Heart Sutra. It is about what Buddhists call emptiness. Things exist, but they are empty – just as a dream can feel very real, but is only a dream. In other words, things are not really real, but they are.
Heart Sutra – Prajnaparamita – The Heart of the Perfection of Wisdom
The Heart Sutra is perhaps the most important text of Buddhism. The Vulture Peak Mountain in Rajgir in the present-day Indian state of Bihar is mentioned as the place of origin. The text contains the answer of Avalokiteshvara to a question of Shariputra, while the Buddha stayed in deep Samadhi.
I was already fascinated by this text when I did not understand it; as chaotic, as crazy as a text of Dadaism or Surrealism. It shows what is, and what is not. No nose, no eye, no enlightenment. Even the most obvious things, and even the most sacred things of Buddhism should not exist? Just crazy.

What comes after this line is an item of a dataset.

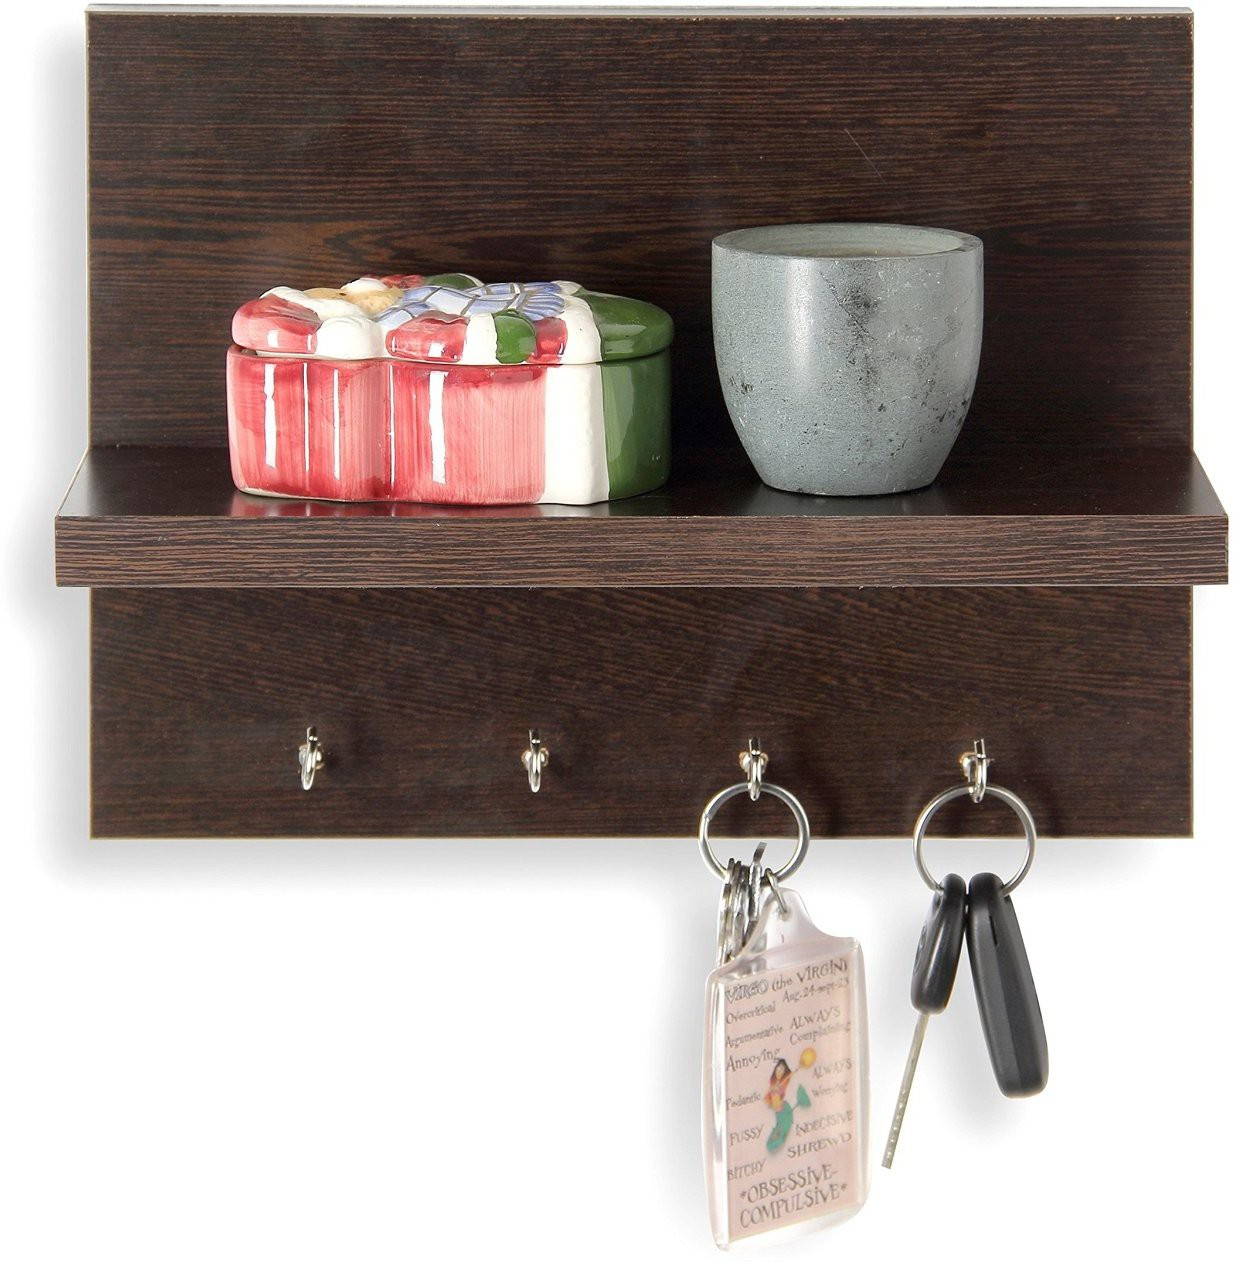 View Decorhand 4 Hooks Key holder Wooden Wall Shelf(Number of Shelves - 1, Brown) Furniture (Decorhand)

It says that everything exists, and yet does not exist.
In essence, the Heart Sutra says:
“Form is emptiness. And emptiness also is form. Emptiness is no other than form. Form is no other than emptiness. In the same way, feeling, perception, formation, and consciousness are empty. All things in this world are empty. There are no characteristics, there is no birth and no cessation. There is no impurity and no purity, no decrease and no increase.
In emptiness there is no form, no feeling, no perception, no formation, no consciousness, no eye, no ear, no nose, no tongue, no body, no mind, no appearance, no sound, no smell, no taste, no touch, there is nothing we can perceive. There is nothing we can recognize. There is no ignorance and no end of ignorance, no old age and no death and no end of old age and death.
There is no suffering, no origin of suffering and no end of suffering. There is no path, no wisdom, no attainment and no non-attaiment.”
It is incredible. It makes no sense at all. Everything we think to be true is questioned. What we see, everything we perceive, does not exist. And then it says, things do exist.
And all these Buddhist truths. That we all become old and will die, that we cannot prevent suffering, but that there is a way out of all this misery. All this is supposed to be nonsense?
And finally, there is a mantra:
GATE GATE PARAGATE PARASAMGATE BODHI SVAHA.
(Gone, gone, gone beyond – completely exposed, awake – so be it.)
Our concepts are smashed. It is about what Buddhists call emptiness. Things exist, but they are empty – just as a dream can feel very real, but is only a dream. In other words, things are not really real, but they are.
One of the most profound texts of Buddhism.